In 1786 van Dael left for Paris and was employed on decorative schemes for the châteaux of St Cloud, Bellevue and Chantilly. He soon turned to flower painting, influenced by Gerard van Spaendonck, with whom he probably studied. Van Dael’s delicate and precise paintings soon gained important patrons and he was unscathed by the turbulent politics of the era. In his long career, van Dael worked for the Empress Josephine at Malmaison; for the Empress Marie-Louise, Louis XVIII and Charles X. He exhibited at the Paris Salon 1793-1833 and from 1796 had apartments in the Louvre, moving to the Sorbonne in 1806.
Van Dael was a member of the Academies of Antwerp and Amsterdam and exhibited in Antwerp, Ghent, Brussels and The Hague. He amassed an important collection of contemporary and seventeenth century Dutch and Flemish still lifes, for he regarded himself as an heir of that great tradition. Van Dael’s exquisitely painted flowers were based on botanical study, and according to a fellow botanist, van Hulthem, he grew flowers in his garden to serve as models.

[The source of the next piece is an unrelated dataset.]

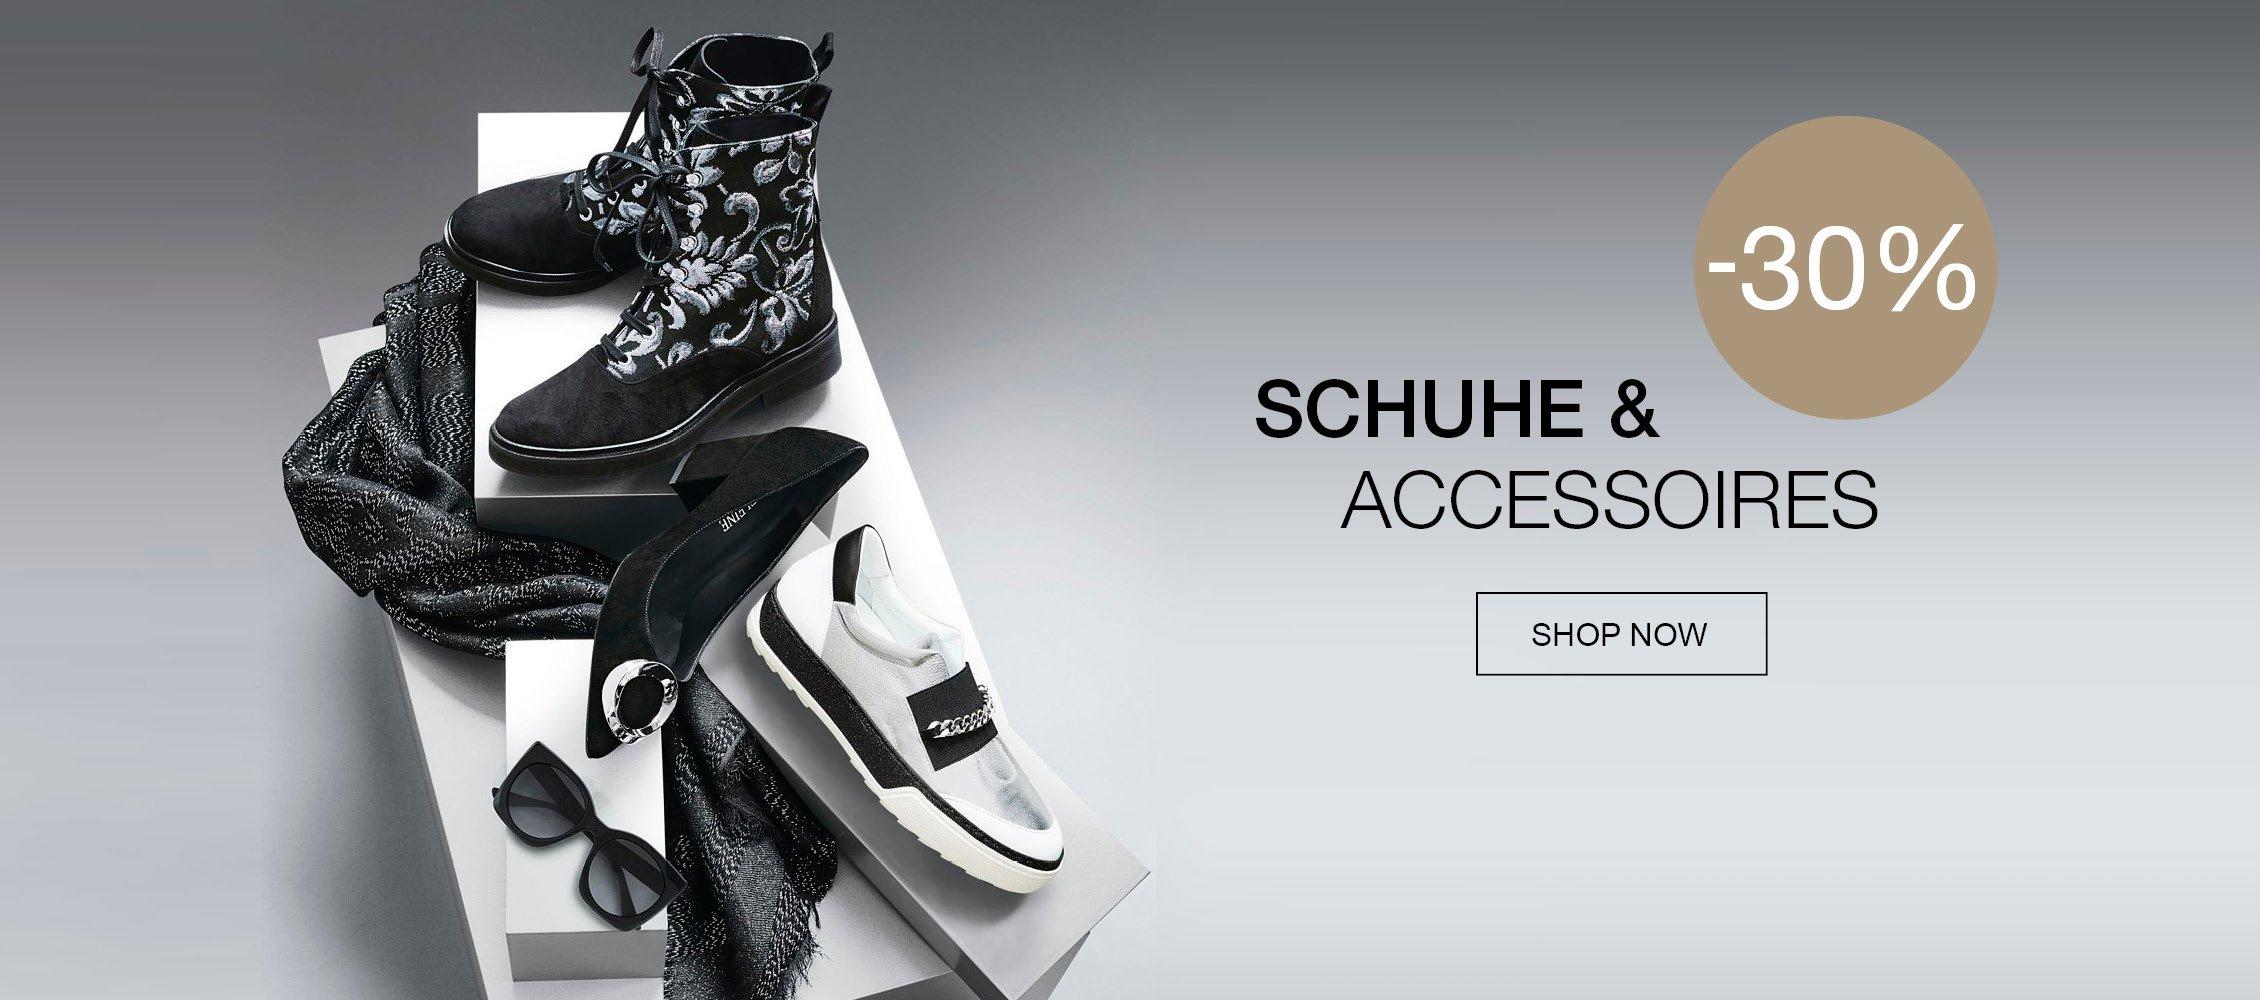 30% auf Schuhe und Accessoires
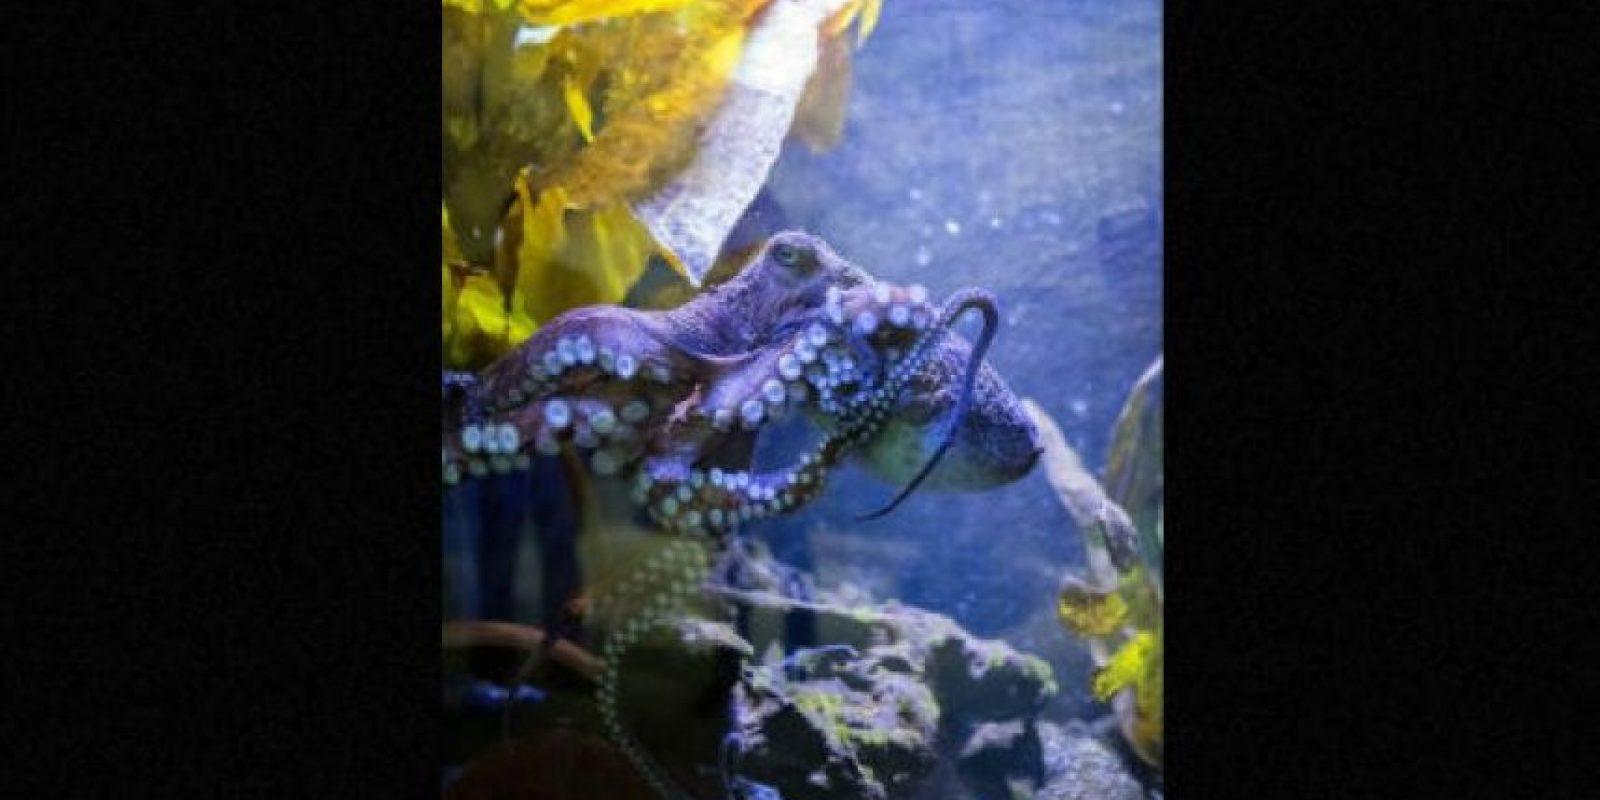 """Un pulpo llamado """"Inky"""" sorprendió al mundo al """"fugarse"""" de un acuario a través de la tubería del desagüe. Foto:Facebook.com/NationalAquariumNZ"""

Van Dael also made a few pure landscapes, religious and allegorical pictures, as well as lithographs. He occasionally painted portraits, often of fellow artists. Jan Frans van Dael died in Paris in 1840 and was buried in Père-Lachaise next to his mentor Gerard van Spaendonck.
The work of Jan Frans van Dael is represented at the Château de Malmaison; the Château de Fontainebleau; the Museum Boymans-van Beuningen, Rotterdam; the Musée des Beaux-Arts, Lille and the Koninklijk Museum voor Schone Kunsten, Antwerp.